In some ways, my perfectionism has served me well. It allowed me to do well in school and my job. In the areas of my life where I had some skill or talent, it provided the drive to succeed and be my best.

In other ways, my perfectionism hasn’t served me well. When I didn’t do something well, or failed, I struggled to cope with the feelings that came along with the failure. I remember one year I busted my butt to try to be the best cross-country runner I could, but I still ended up near the back of the pack. I tried my best, but in the end, it didn’t result in high-level performance.

Perfectionism has been tough on my relationships as well. I have the expectation that I will be perfect, and then I put that expectation on others as well. This doesn’t usually work out because no one is perfect. The unrealistic expectation causes added pressure that relationships struggle to hold.

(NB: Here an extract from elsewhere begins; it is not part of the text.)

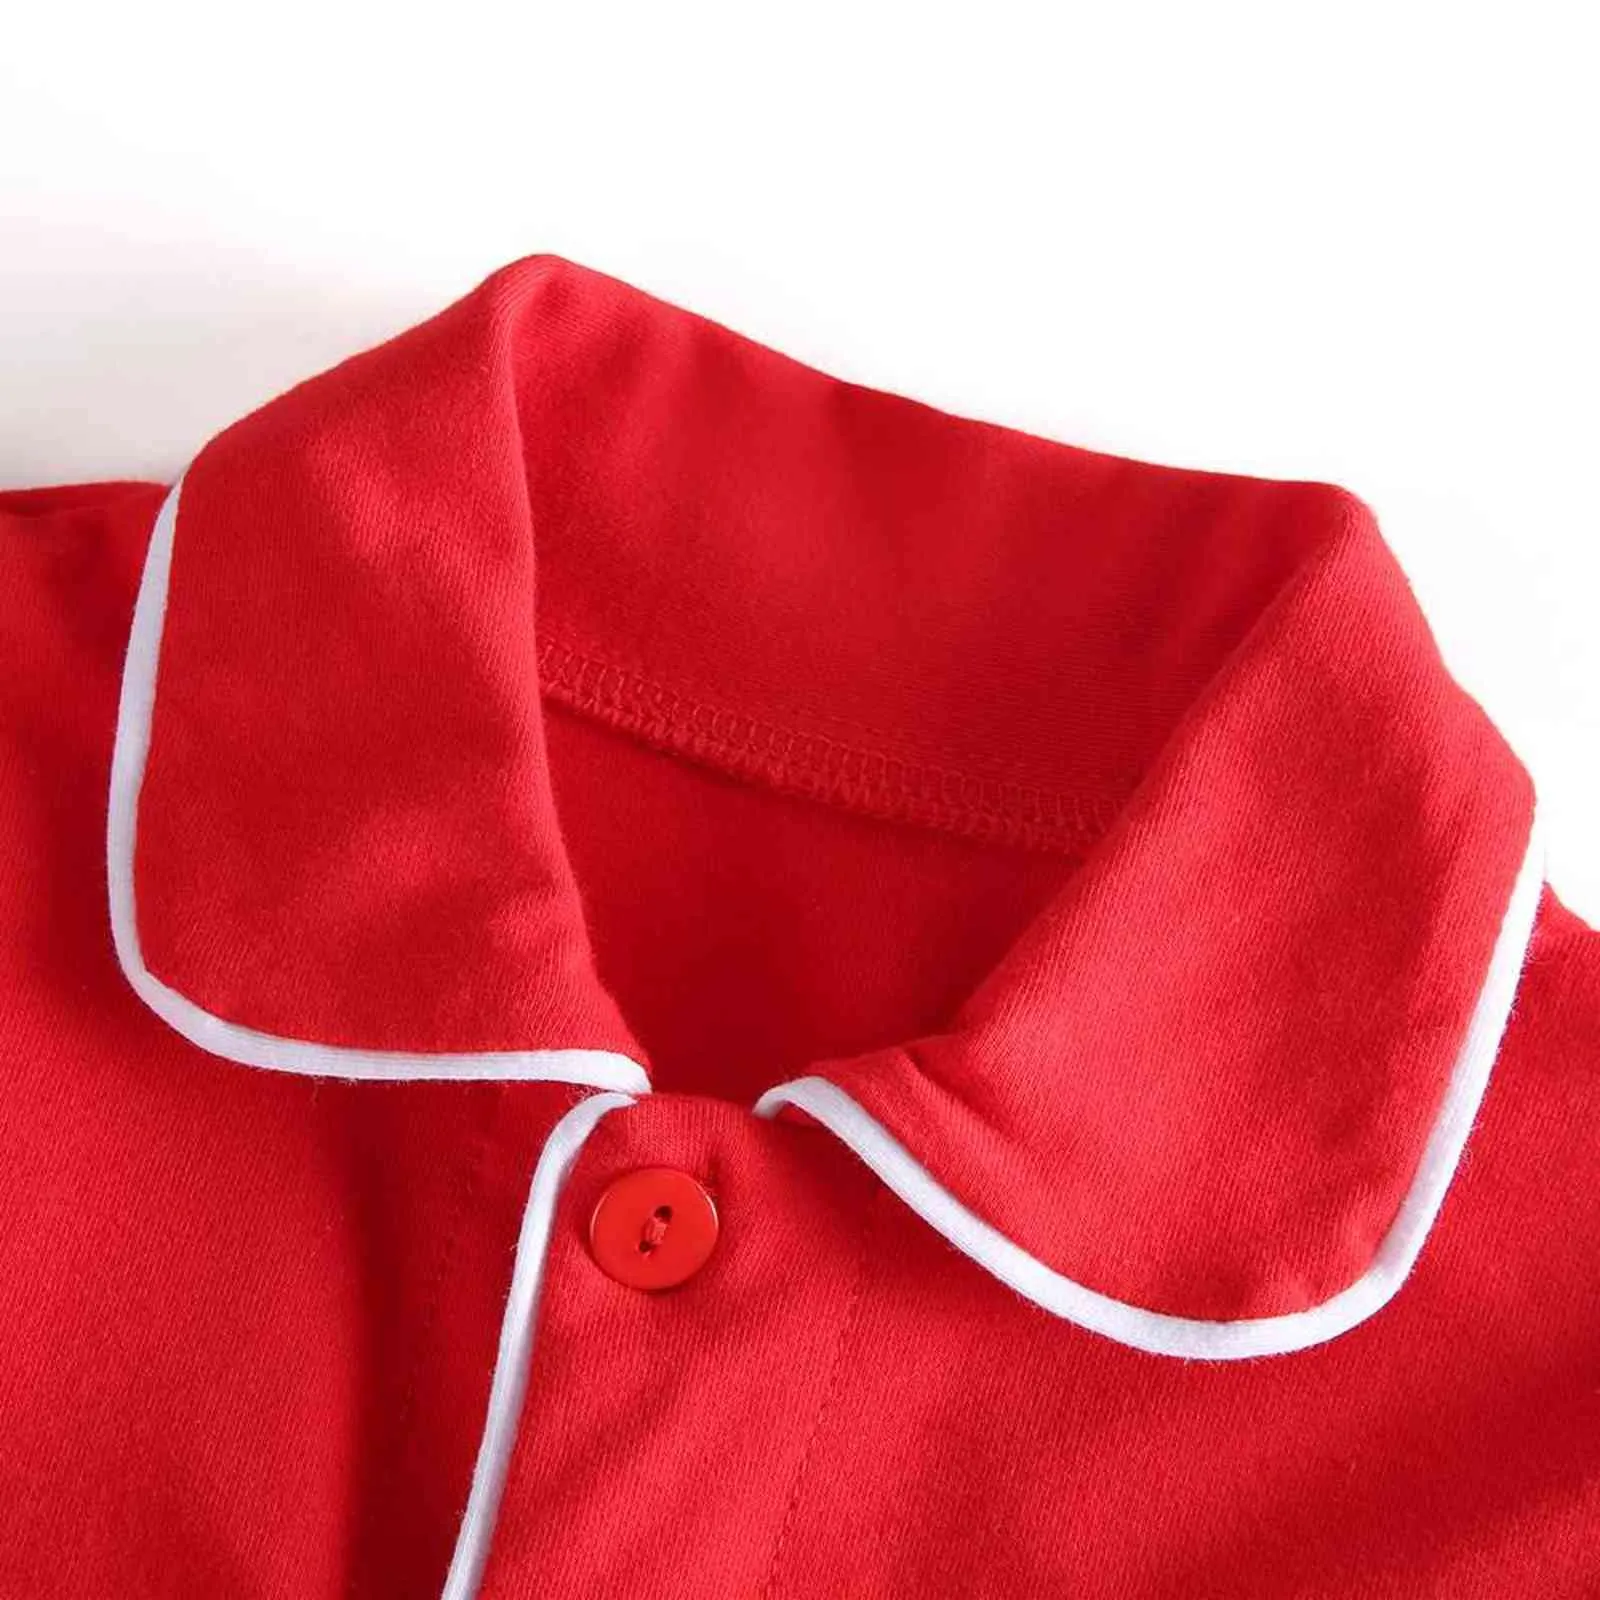 Vinterbutik sammet tyg röda barn kläder pjs med spets småbarn pojkar set pyjamas flicka baby sömnkläder 2111022842502
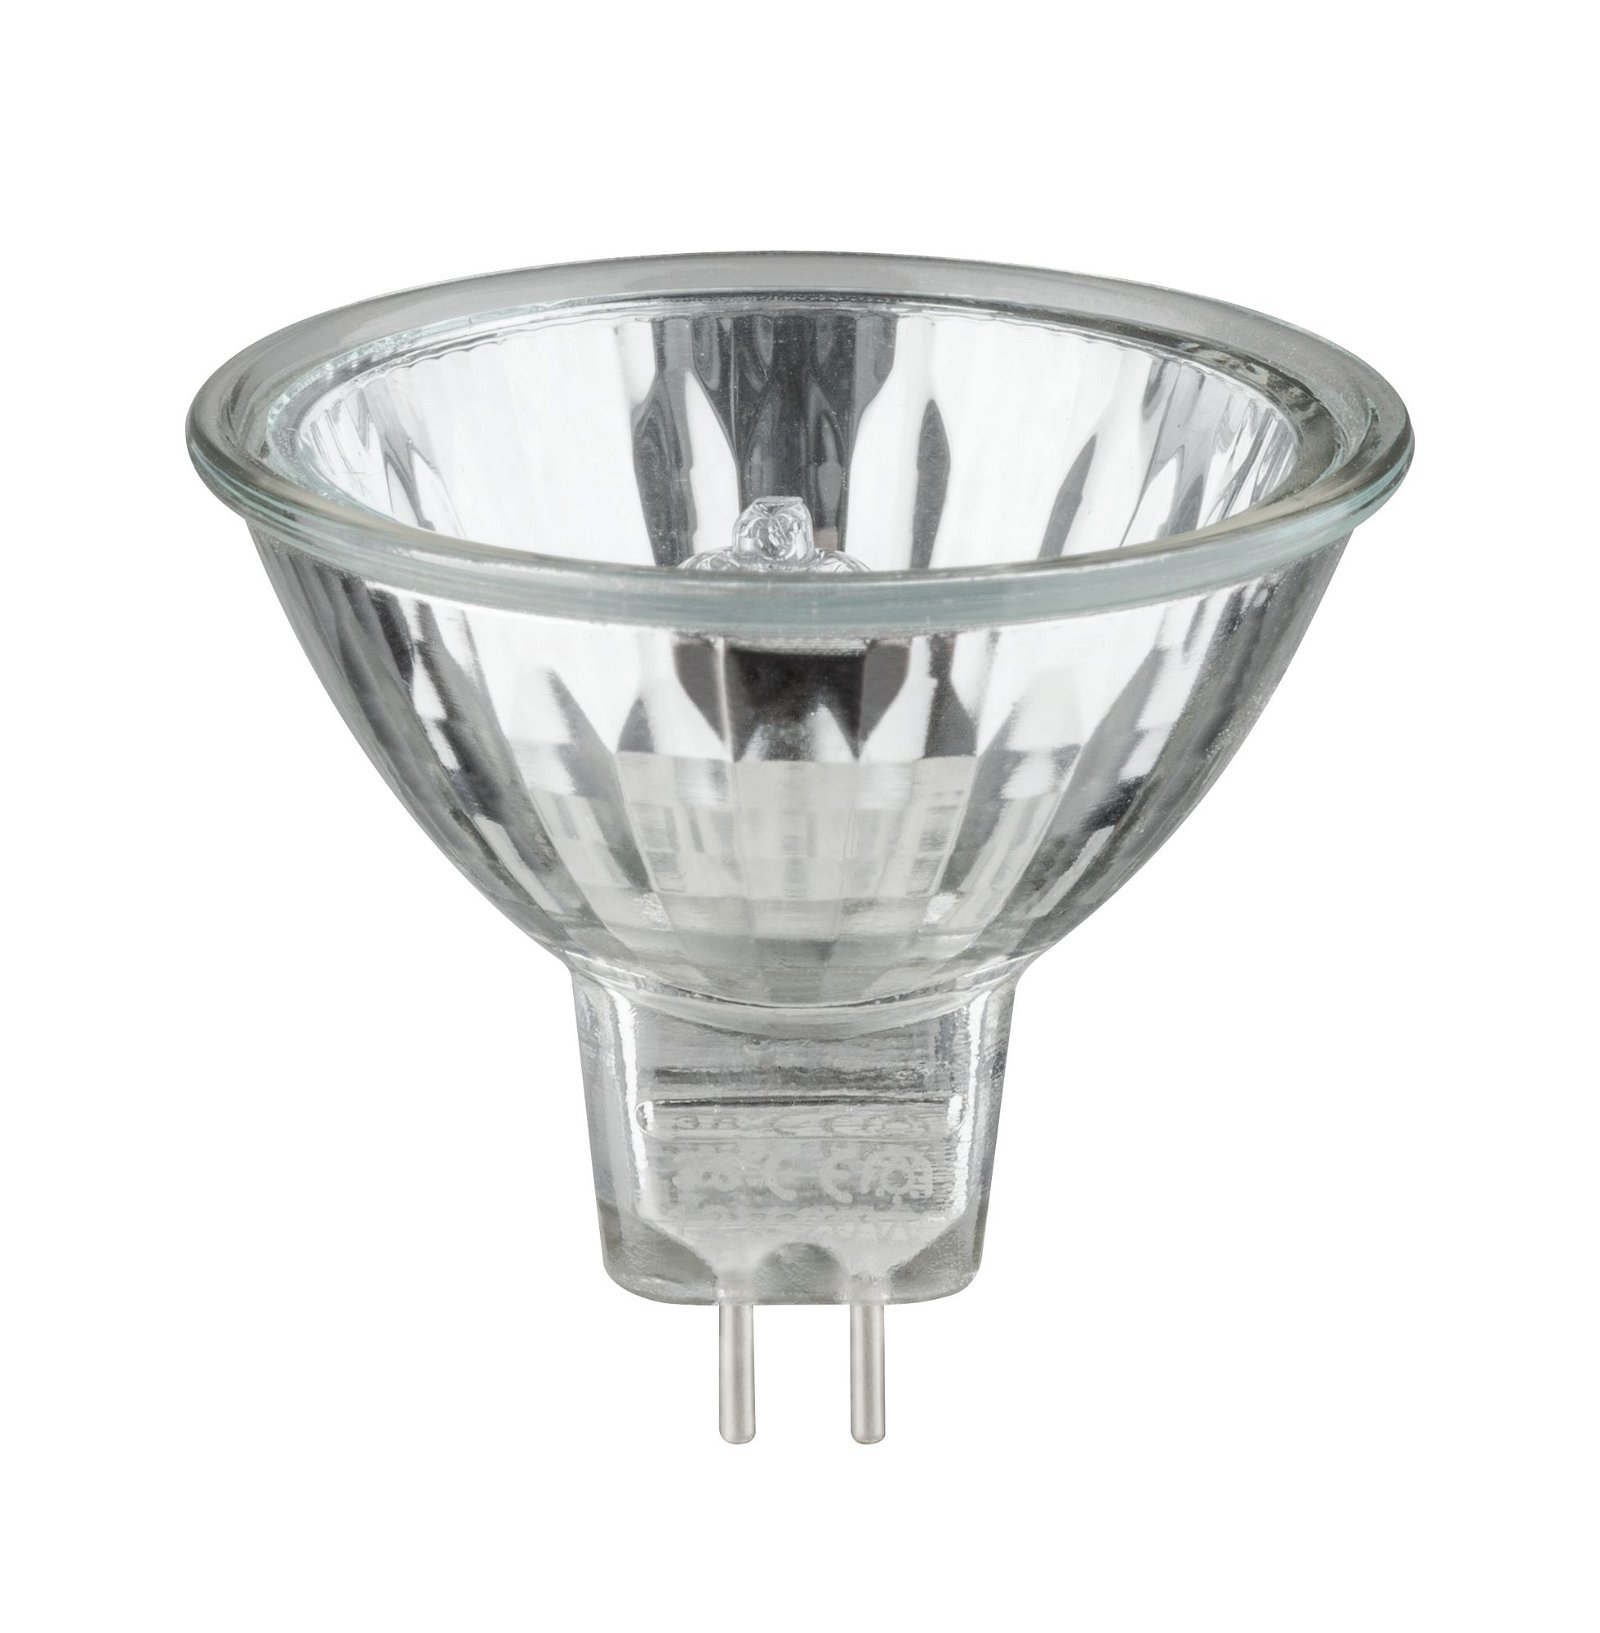 Low-voltage halogen reflector lamp, security 50 W GU5.3, silver 12 V

In my own life, I’m trying to move from “perfect” to “good enough.” One underlying fear driving my perfectionism is that my life and relationships won’t meet my needs, and I won’t be happy. “Good enough” addresses this fear. I’m not wandering aimlessly in my life, okay with whatever comes my way. I want positive experiences and good relationships.

But “good enough” also recognizes the reality of life—our experiences and relationships are a mix of good and bad. No experience is perfect, and no relationship is perfect. To require perfection, you must disengage from experiences and relationships. To the extent that I want to engage with my life, I have to be okay with good enough.

Discussion: Do you struggle with perfectionism? What do you think about the shift from “perfect” to “good enough?”